At a median follow-up of 20.5 months, talquetamab continued to show strong efficacy in patients with prior T-cell redirection therapy exposure (n=78), with 55.1% of patients achieving very good partial response (VGPR) or better and 57.3% alive at 24.2 months.

Infection rates remained lower than in studies of B cell maturation antigen (BCMA)-targeted bispecific antibodies, consistent with previous reports. No increase in grade 3/4 infections was observed with longer follow-up. GPRC5D associated adverse events (AEs) led to few dose reductions and discontinuations. One additional patient discontinued treatment due to AEs since the previous report. Weight loss, as assessed by vital signs, was evident early but stabilised and improved over time, including in patients with oral toxicities.

“There remains a high unmet need for patients with heavily pretreated multiple myeloma as with each new line of therapy, patients tend to experience decreased responses, resulting in more frequent relapses,” said Edmond Chan MBChB MD (Res), EMEA therapeutic area lead Haematology, Johnson & Johnson Innovative Medicine. “By targeting the novel receptor GPRC5D, and offering a biweekly dosing option, talquetamab plays an important role in the multiple myeloma treatment pathway. We remain focused on harnessing the potential of this pioneering therapy as we build on our ambition to transform outcomes for patients and eliminate cancer.”

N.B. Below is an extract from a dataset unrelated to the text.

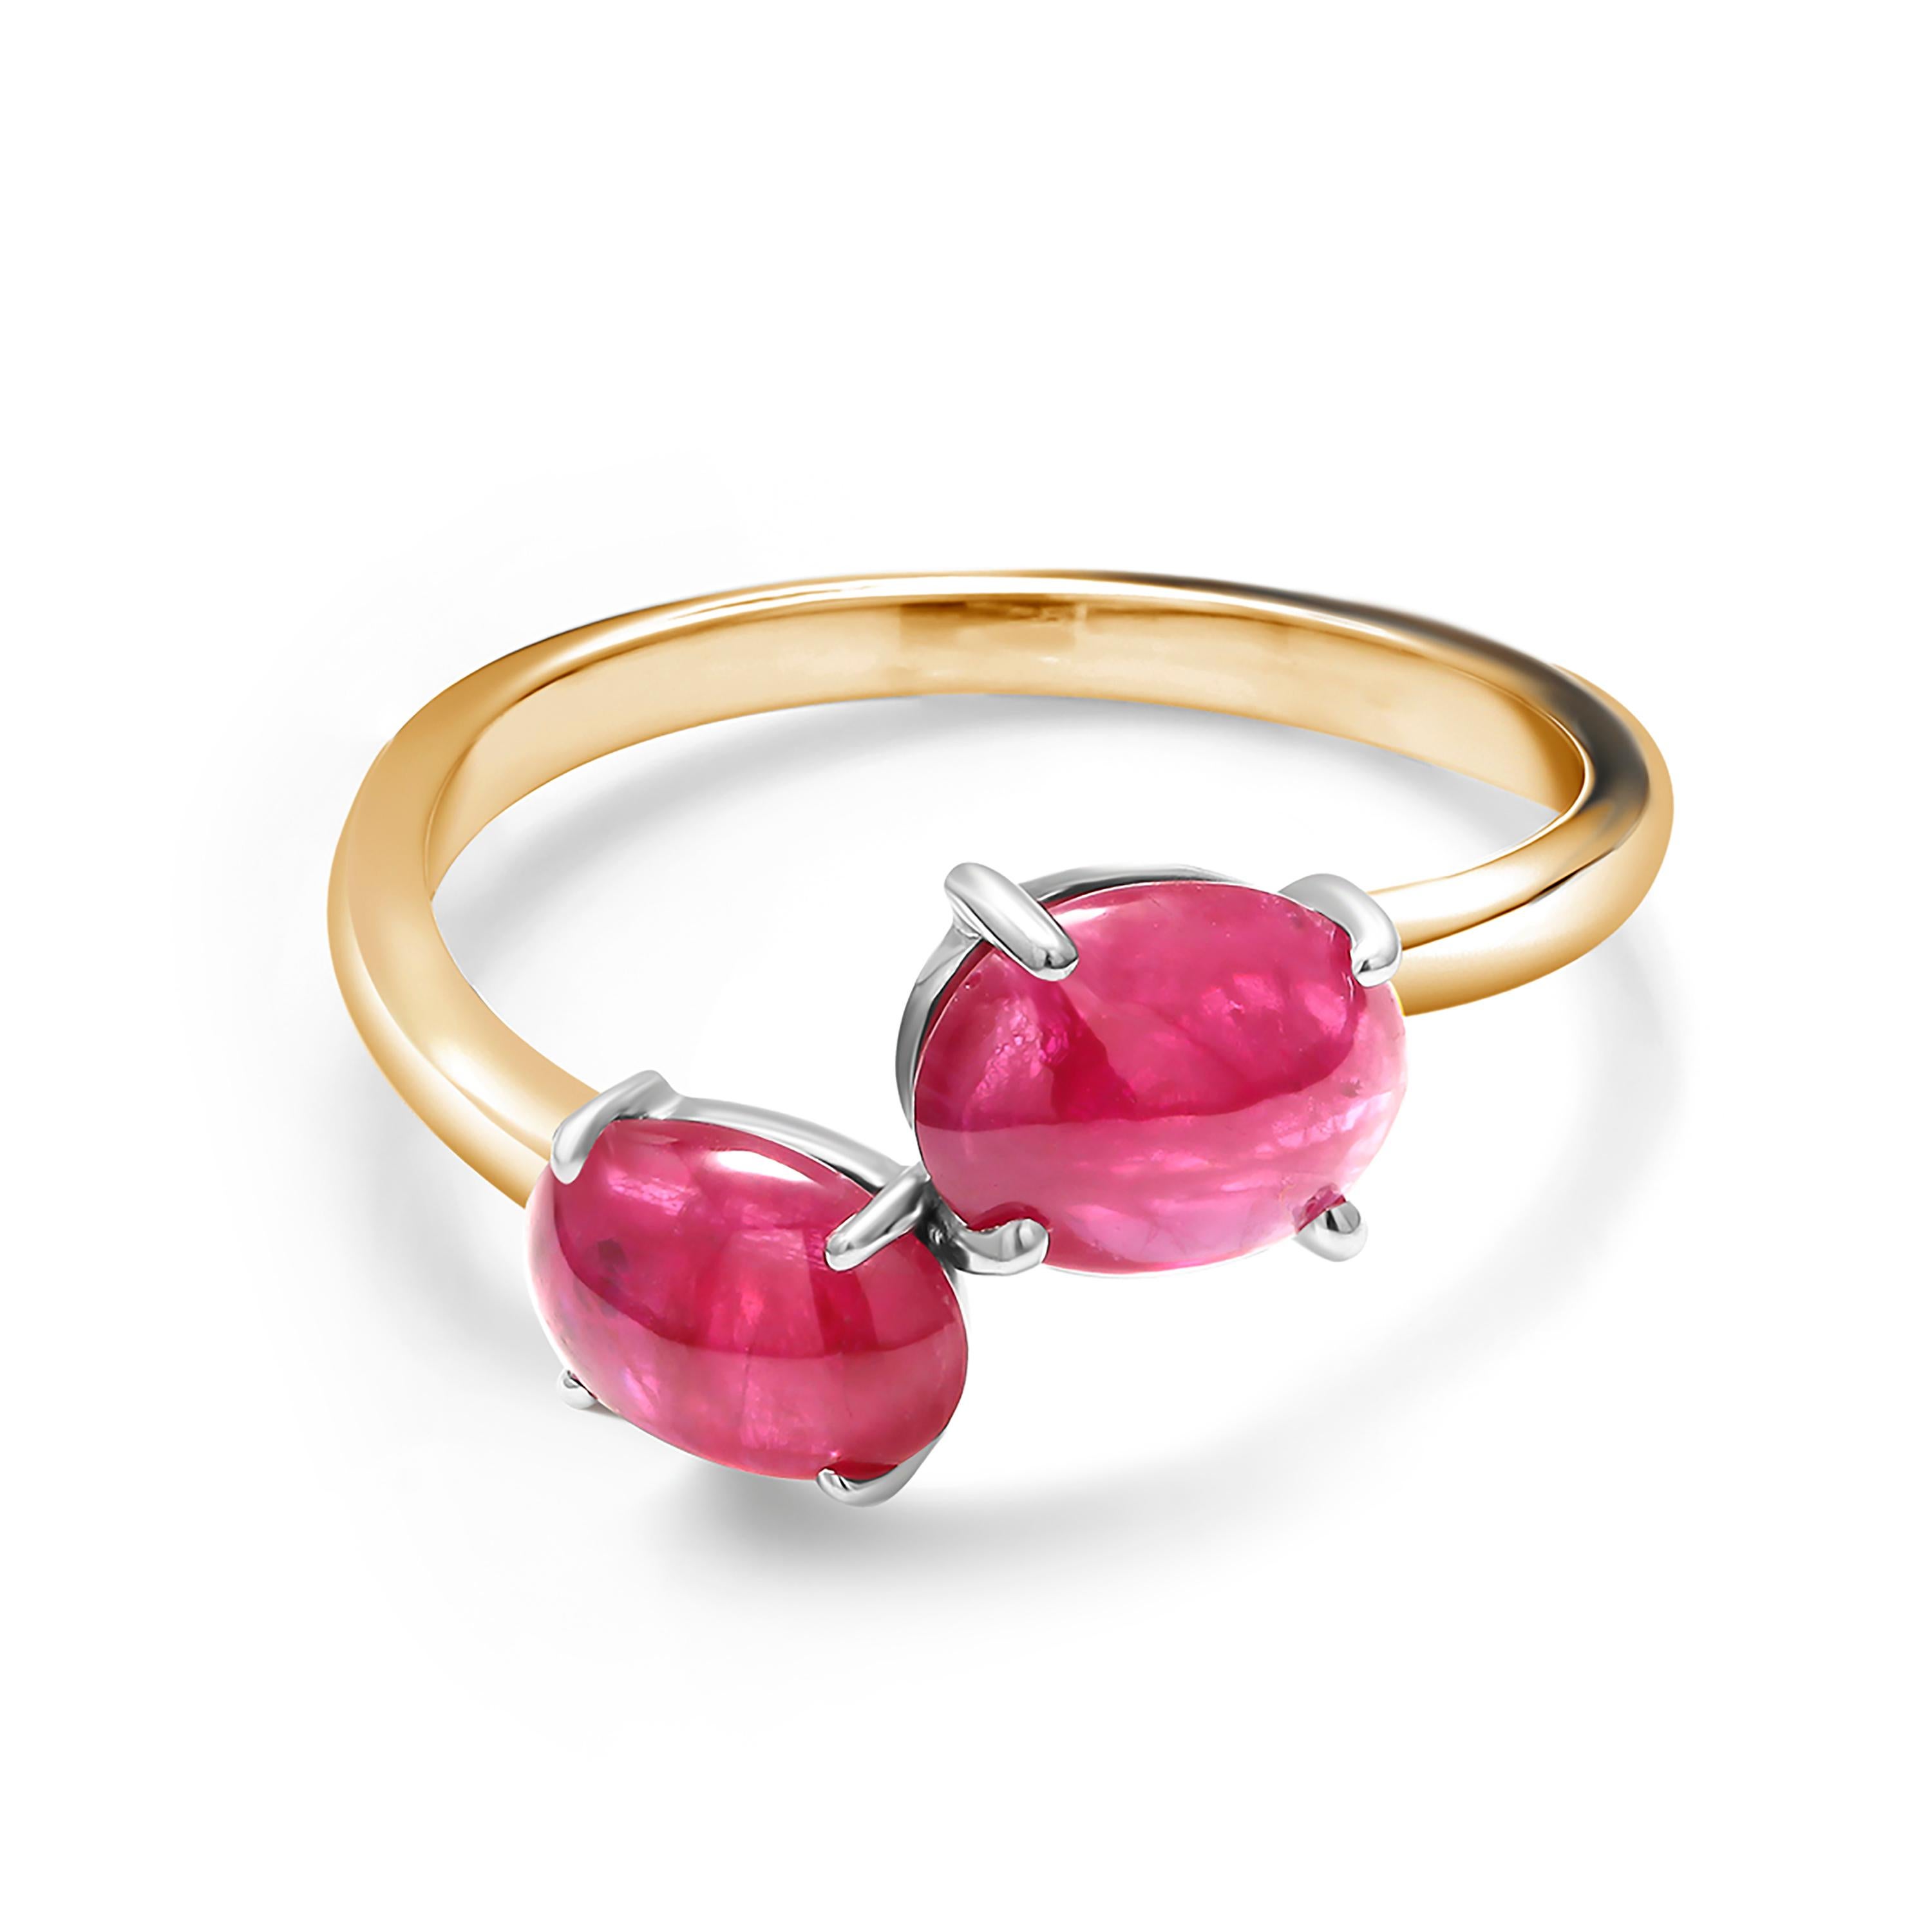 Contemporary Two Cabochon Burma Rubies Facing Gold Cocktail Ring Weighing 3.90 Carats
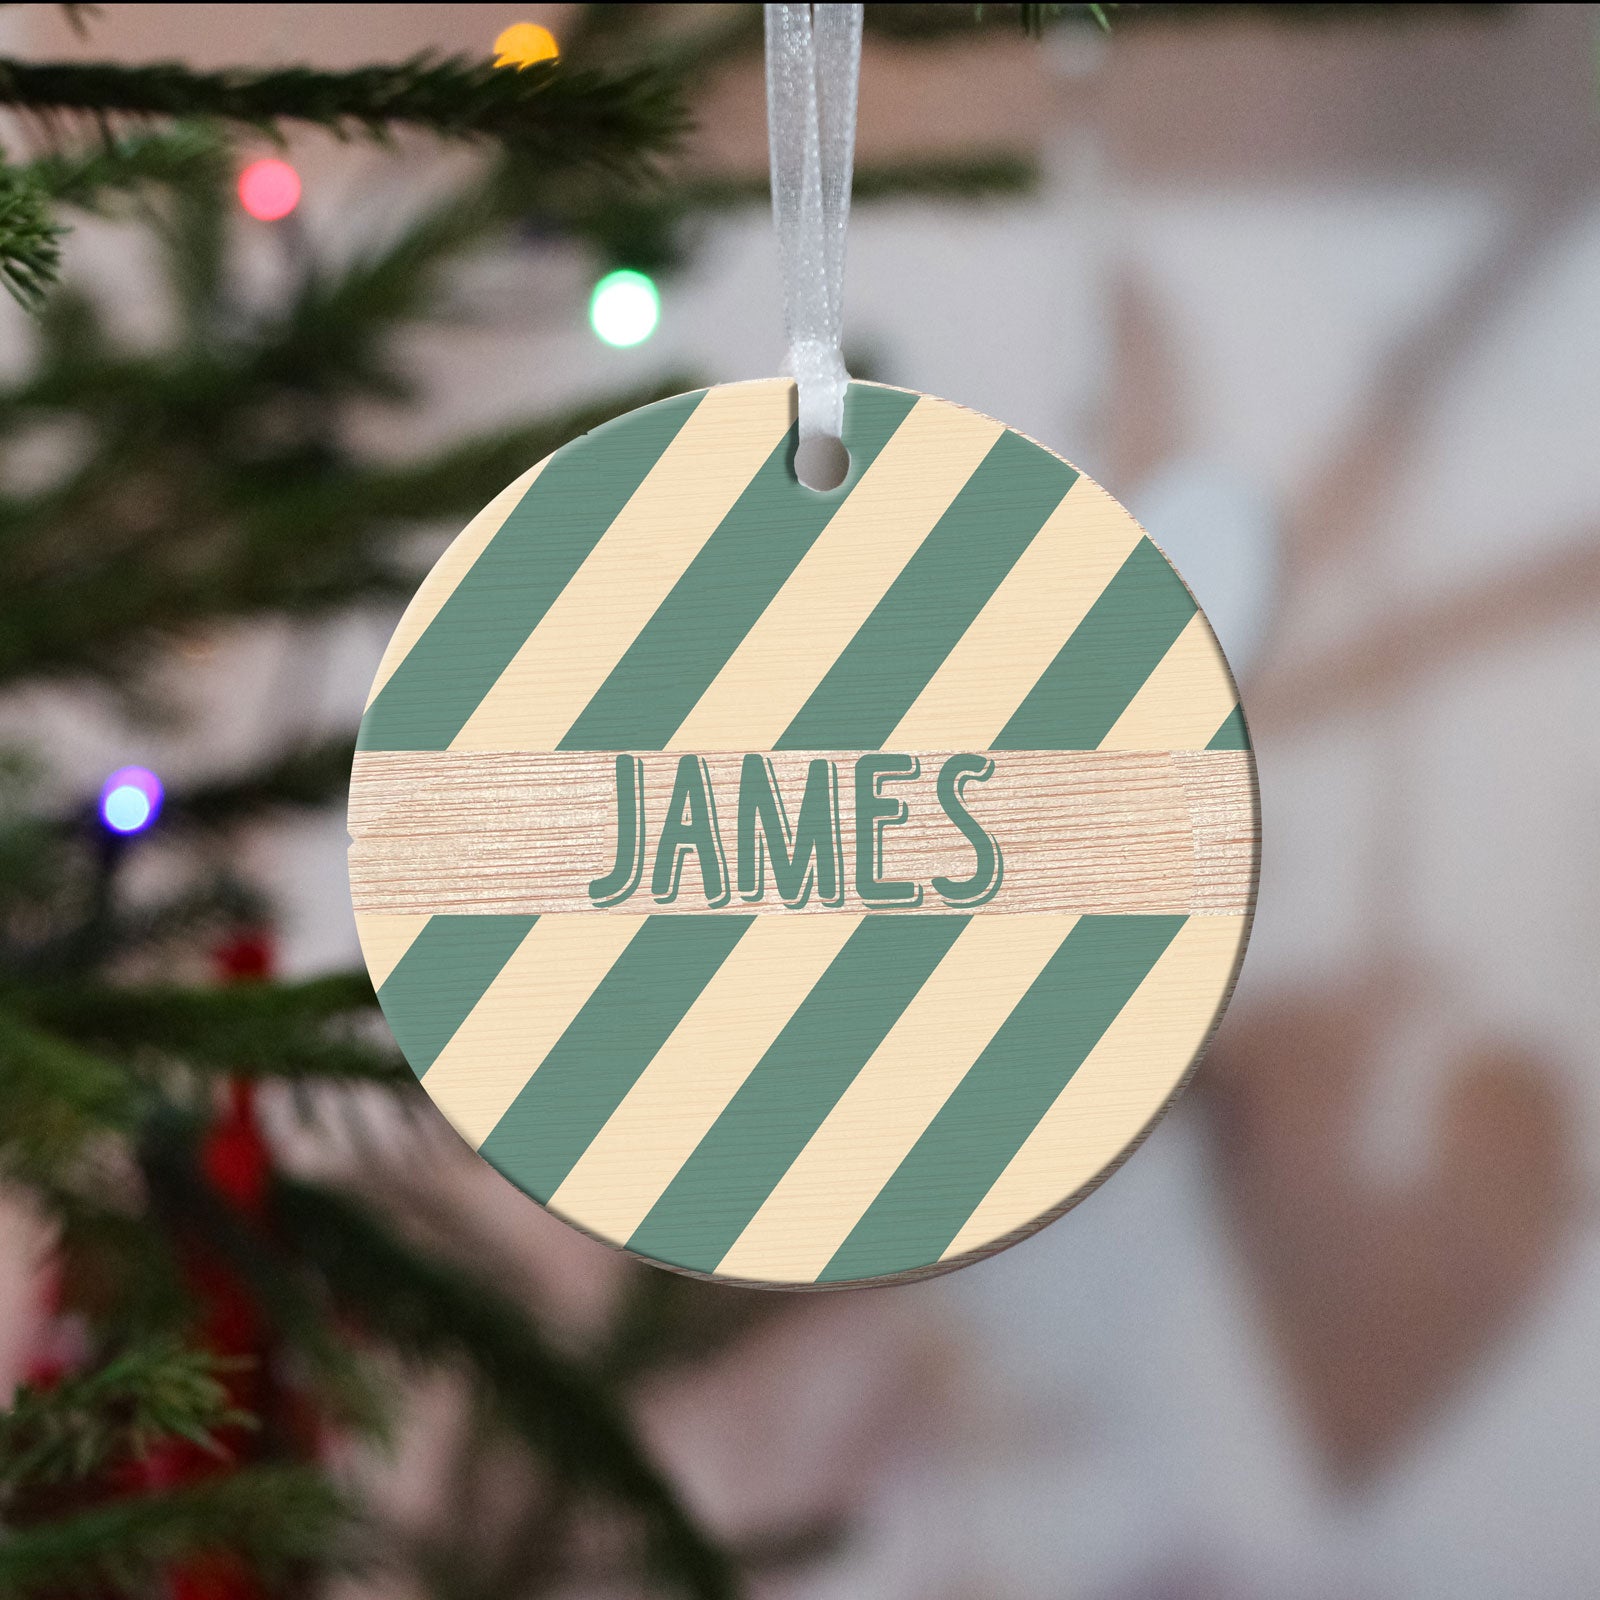 Personalised Wooden Christmas Ornaments Printed- Handcrafted Decoration Baubles, Ideal for Festive Season, Perfect Gift Option

Data from MonumenTAL-2 supports continued durable responses at one year, with investigational combination of talquetamab and pomalidomide, in patients with RRMM who had two or more prior lines of therapy

Longer follow-up from the Phase 1b MonumenTAL-2 study of the investigational use of talquetamab and pomalidomide showed deep responses and a manageable safety profile in patients with RRMM and support the potential to combine talquetamab with an immunomodulatory agent (IMiD). These updated data, from the first study of a regimen combining a GPRC5D-targeted therapy and an immunomodulatory agent, were featured as a poster presentation at the 2024 EHA Congress (Abstract #P911).

Patients in the Phase 1b MonumenTAL-2 study (n=35) were treated with subcutaneous (SC) talquetamab at the RP2D of 0.8 mg/kg Q2W (n=19) or 0.4 mg/kg QW (n=16) with step-up doses, plus 2.0 mg of oral pomalidomide daily. At a median follow-up of 16.8 months (range, 1.2-25.1), response-evaluable patients demonstrated an ORR of 88.6% (VGPR or better, 80%).

“With multiple dosing options and the ability to be used both before or after CAR-T therapy and BCMA bispecifics, talquetamab is an important and versatile treatment option for the treatment of relapsed or refractory multiple myeloma,” said Jordan Schecter MD, vice president, Disease Area Leader, Multiple Myeloma, at Johnson & Johnson Innovative Medicine. “The manageable rate of grade 3/4 infections seen in MonumenTAL-2 suggests the flexibility of talquetamab as a combination partner with an immunomodulatory agent for patients who continue to face limited treatment options with this complex haematologic disease.”

At 12 months, 80.4% of patients who achieved a CR or better maintained their response.2 The progression-free survival (PFS) rate at 12 months was 72.6%. The most common grade 3/4 haematologic AEs were neutropenia (57.1%), anaemia (25.7%), and thrombocytopenia (20%). Taste, nail, skin, and rash toxicities of any grade occurred in 85.7%, 68.6%, 74.3%, and 28.6% of patients, respectively; the majority were grade 1/2 with few discontinuations.2 Cytokine release syndrome (CRS) occurred in 74.3% and infections occurred in 80% (22.9% grade 3/4) of patients.